At point \( P(4\,\text{m},\,5\,\text{m}) \):
- The distance from the wire along the y-axis (perpendicular distance) is \( x = 4\,\text{m} \).
- The distance from the wire along the x-axis (perpendicular distance) is \( y = 5\,\text{m} \).

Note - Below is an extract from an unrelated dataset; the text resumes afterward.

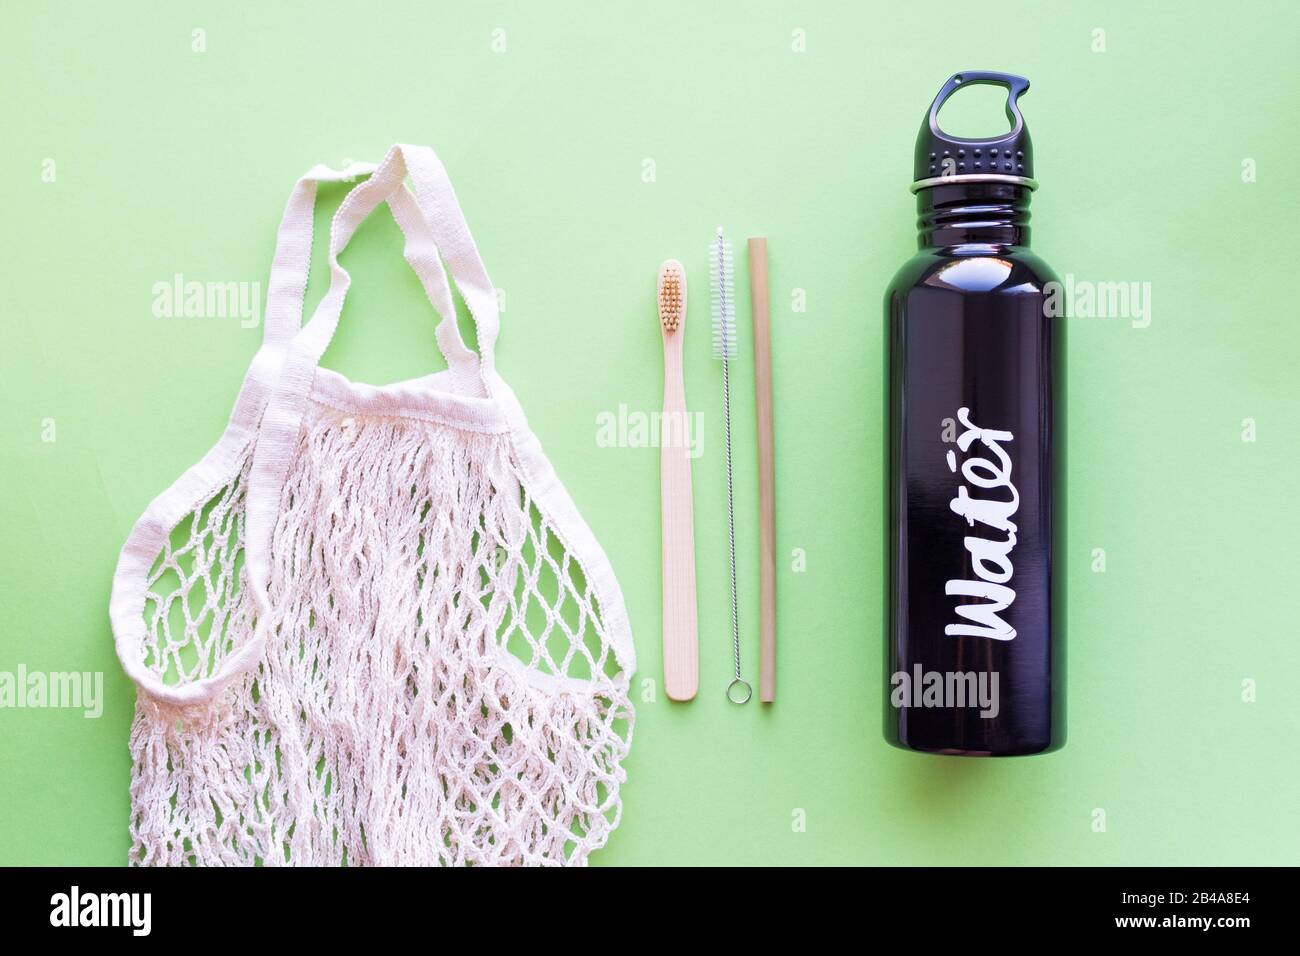 https://c8.alamy.com/comp/2B4A8E4/zero-waste-concept-bamboo-straw-and-toothbrush-cotton-bag-and-metal-water-bottle-on-green-background-sustainable-living-eco-friendly-plastic-free-2B4A8E4.jpg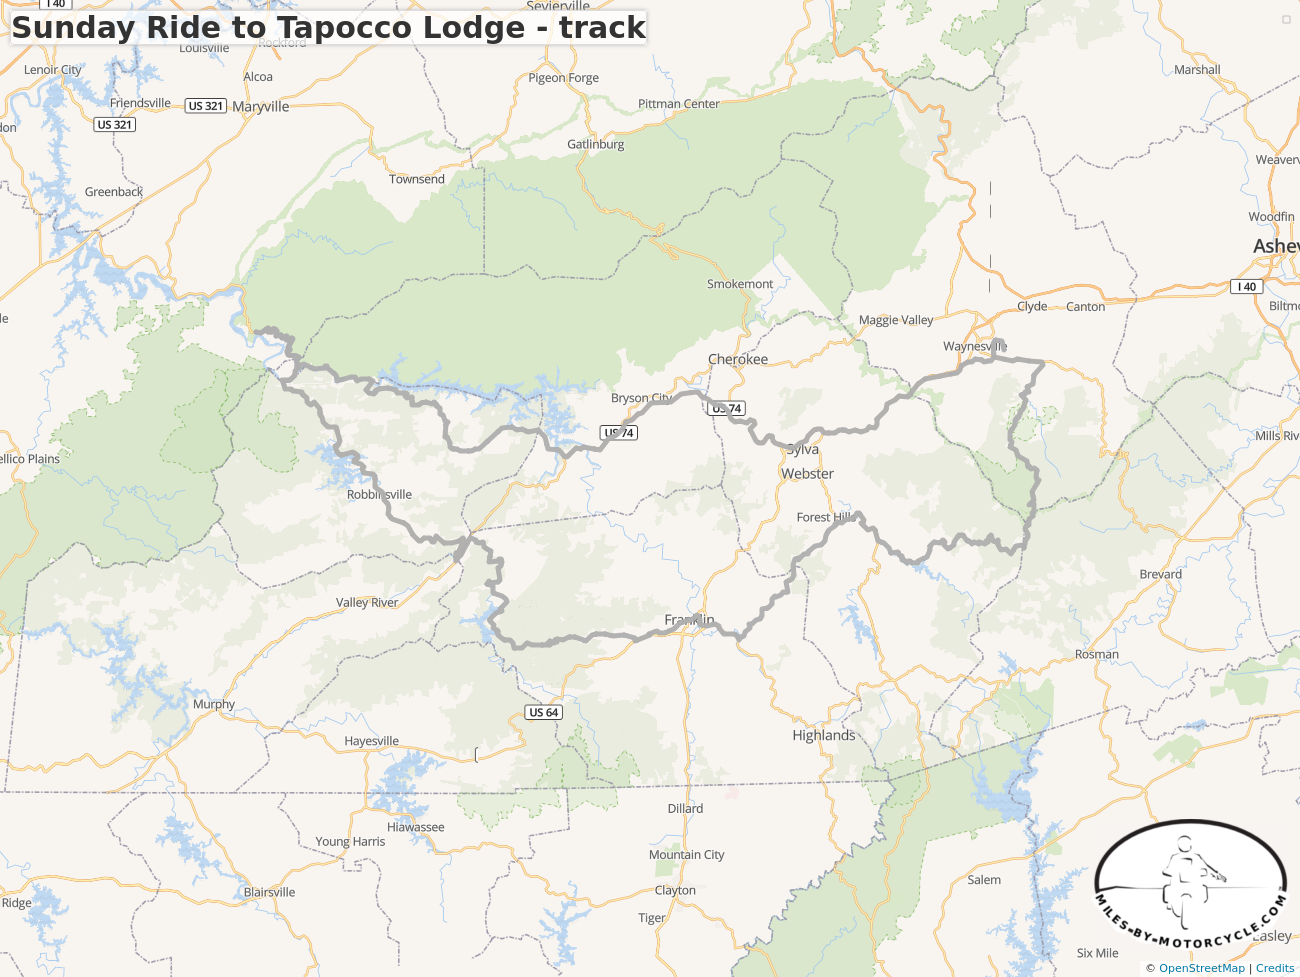 Sunday Ride to Tapocco Lodge - track

The magnetic field due to a long straight wire at a perpendicular distance \( r \) is given by:\[B = \frac{\mu_0 I}{2\pi r}\]For the y-axis wire (current \( I = 2 \) A) at point P:\[B_1 = \frac{\mu_0 \cdot 2}{2\pi \cdot 4} = \frac{\mu_0}{4\pi} \ \text{(directed into the page)}\]For the x-axis wire (current \( I = 2 \) A) at point P:\[B_2 = \frac{\mu_0 \cdot 2}{2\pi \cdot 5} = \frac{\mu_0}{5\pi} \ \text{(directed into the page)}\]Since both magnetic fields are directed into the page, the resultant magnetic field \( B \) is their vector sum:\[B = \sqrt{B_1^2 + B_2^2}= \frac{\mu_0}{\pi} \sqrt{\left(\frac{1}{4}\right)^2 + \left(\frac{1}{5}\right)^2}= \frac{\mu_0}{\pi} \sqrt{\frac{1}{16} + \frac{1}{25}}= \frac{\mu_0}{\pi} \sqrt{\frac{41}{400}} = \frac{\mu_0}{\pi} \cdot \frac{\sqrt{41}}{20}\]\[B = \frac{\mu_0 \sqrt{41}}{20\pi}\]Direction:
- \( B_1 \) is due to the vertical wire, directed along the negative z-axis (into the page).
- \( B_2 \) is due to the horizontal wire, also directed along the negative z-axis (into the page).
Therefore, the resultant magnetic field is also directed into the page (–z direction).